Unless you're 100% in a single cloud in a single region, there's always going to be something which broke which had a dependency on something in the cloud and you can work to mitigate that.
Events like this create increased workload on external and internal customer service teams, people who would normally be engineering can pitch in there. Internally especially hearing from senior dev/ops people helps people.
Shit-post memes about how there's nothing you can do because the cloud is down.
If the outage is on AWS, make up plans for how you should move the infrastructure off AWS onto GCP because AWS has so many outages. If the outage is on GCP, make up plans for how you should move the infrastructure off GCP onto AWS because GCP has so many outages.
Make up plans about how you can scale to multi-cloud muti-region deployments to mitigate against the next cloud outage. Once you finish doing the math realize that you're actually making things more brittle and thus causing more outages and that nobody wants to pay to avoid the hour or three of downtime per year. Realize that the developer who pushed the bad ALTER TABLE statement into production three weeks ago caused a bigger outage than the cloud ever will and begin to question your life choices.
Play some games with the team where you try to guess what sites/services are impacted.
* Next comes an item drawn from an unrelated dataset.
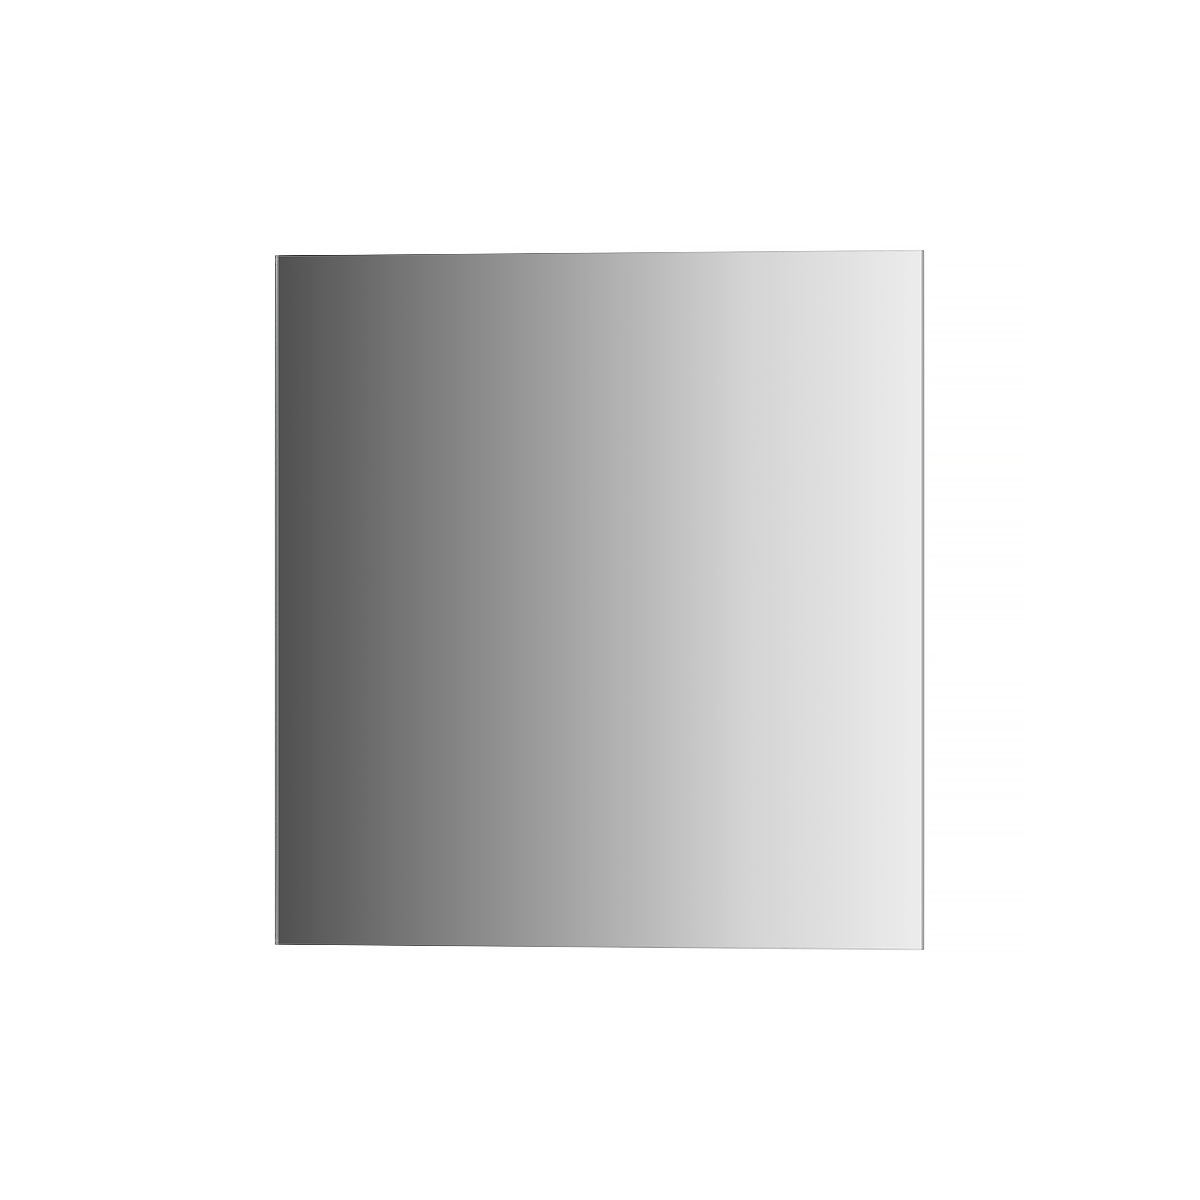 Зеркальная плитка со шлифованной кромкой  Evoform BY 1407 25x25см зеркальная плитка mirox 3g sensea nnlm20 квадратная 20x20 см глянцевая серебро 4 шт
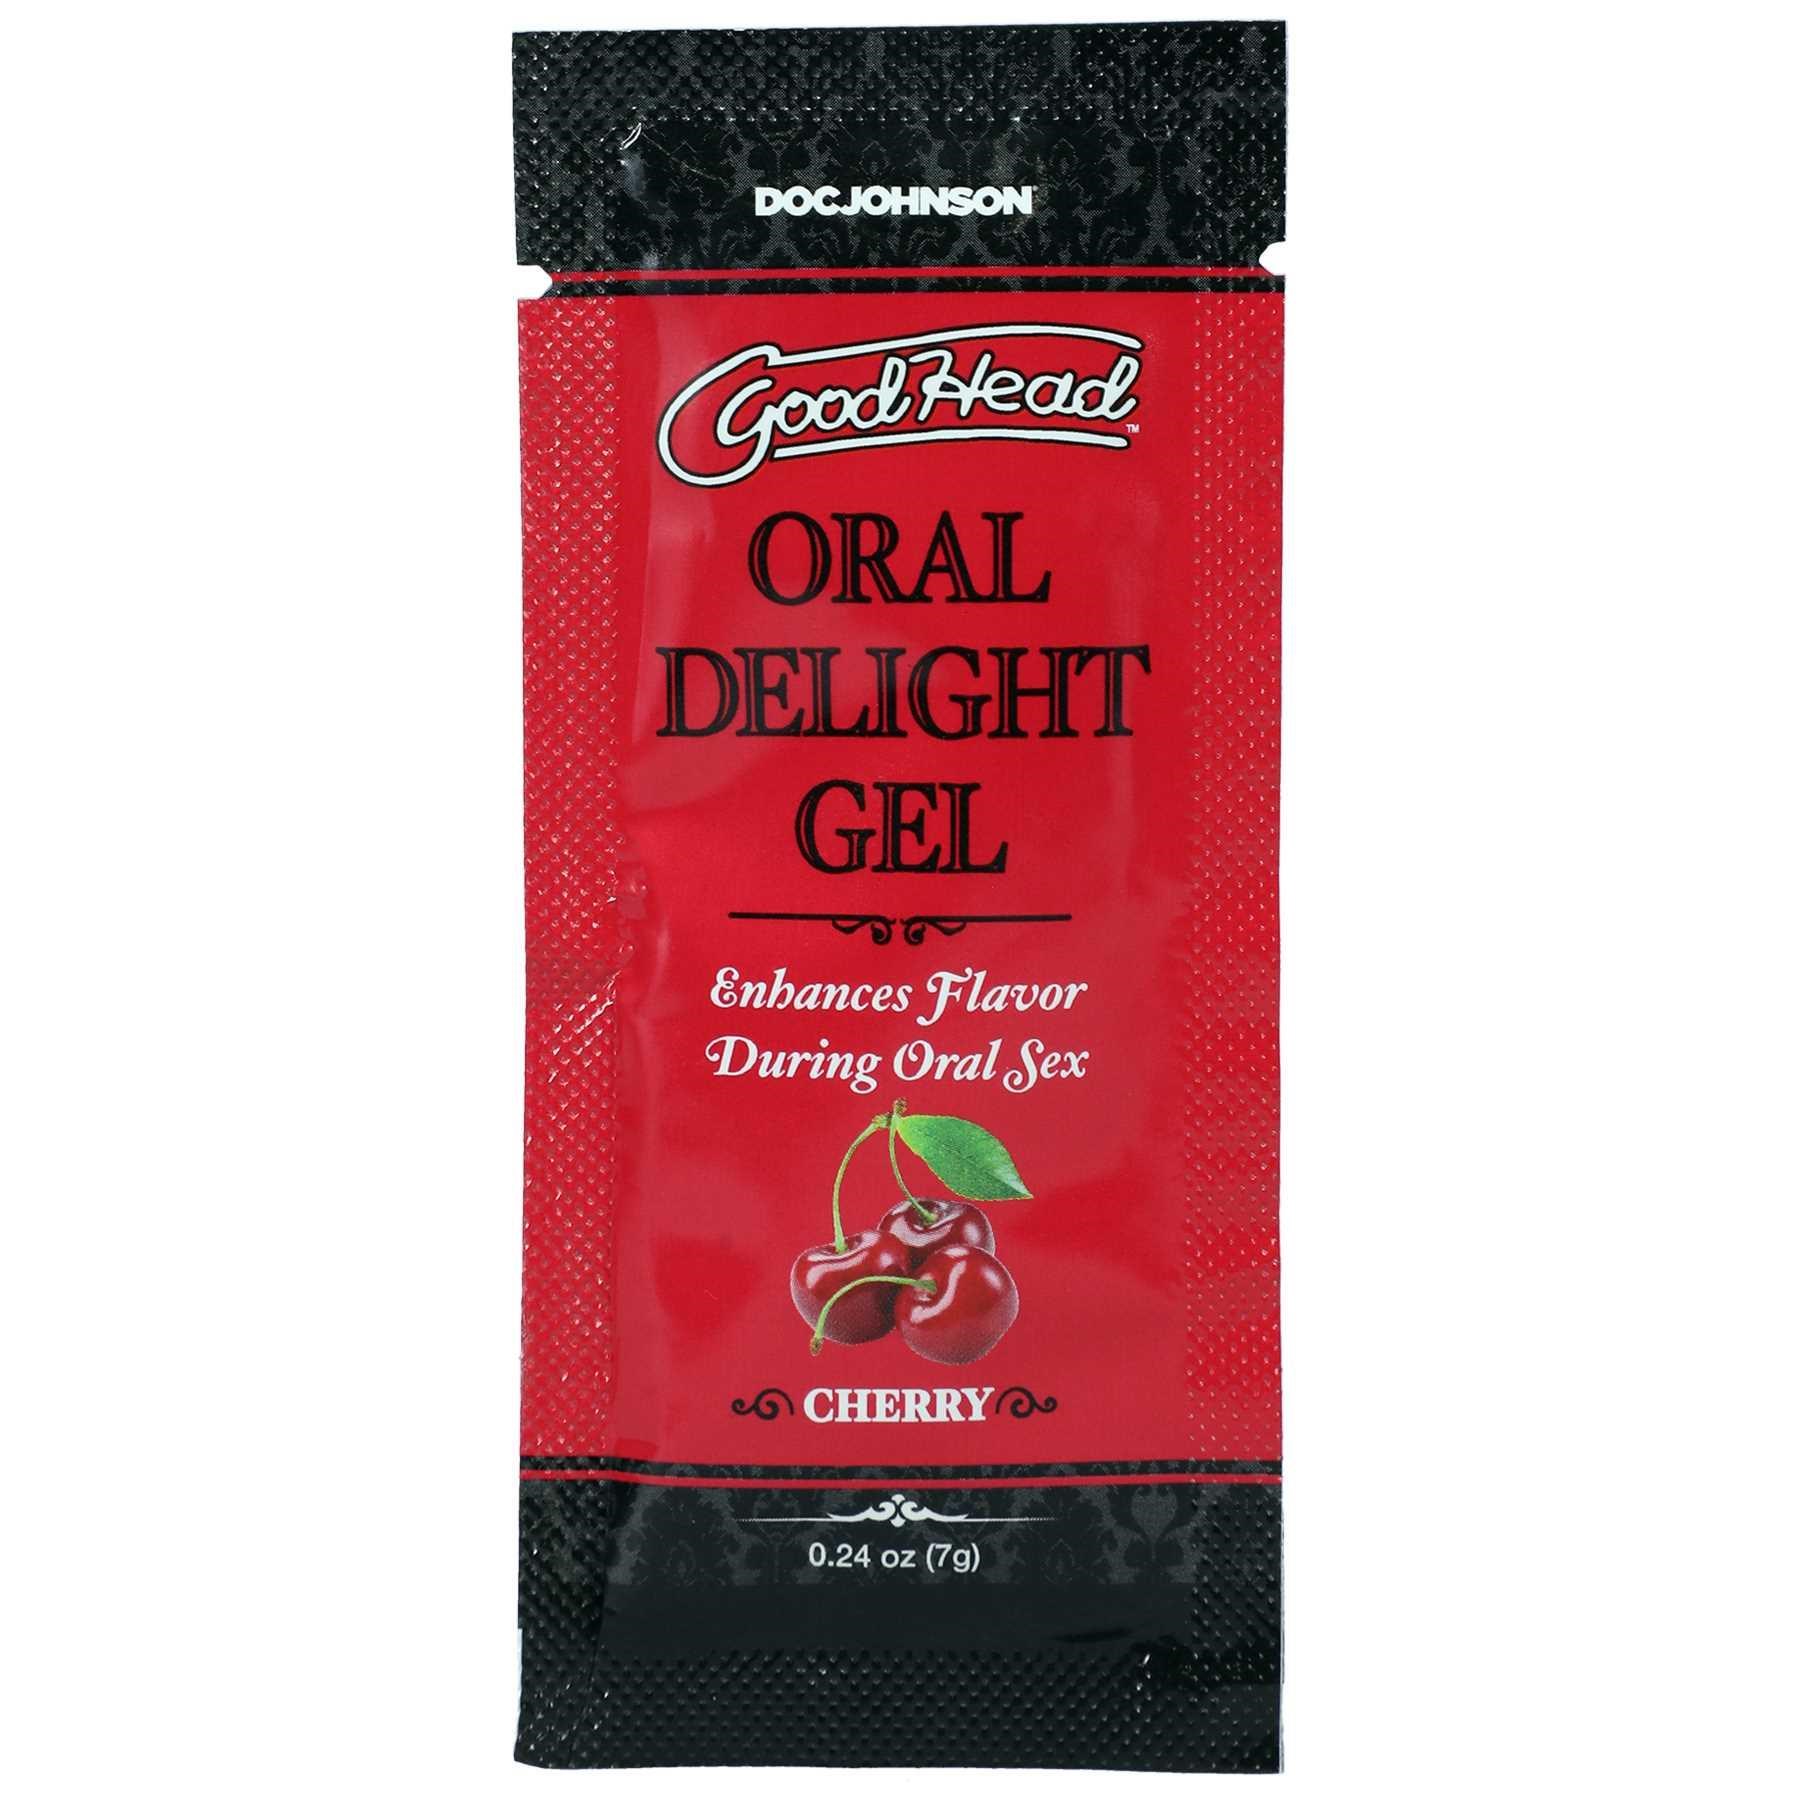 GoodHead - Oral Delight Gel - cherry -0.24 oz front

Loser has to stay late to close all the tickets generated when cloud comes back up.
Shit-post more memes.
We can be just as affected by an AWS infrastructure outage as anyone. However, we also have the possibility of seeing some of the things that are going on internally to fix the problems. So, we can at least feel better about not being able to do our work for the day.
I can tell you this — being multi-region is a lot harder to get right than anyone gives it credit for. Even just plain multi-AZ is harder than most people give it credit for. There’s a lot of stuff going on under the hood. And there’s all sorts of unintentional dependencies between systems that you didn’t realize until things broke just the right way.
Trying to do multi-cloud? I wouldn’t wish that on my worst enemy.
The way cloud-scale works, there’s always something weird going on somewhere. Always.
A well-architected system will try to be rugged and resilient to those failures, but there’s always going to be a limit to the kinds of failure modes you can predict and prepare for.
We saw that when I was the Sr. Internet Mail Administrator at AOL from 95-97, we see this today in our group at AWS, and my friends at Google have reported the same.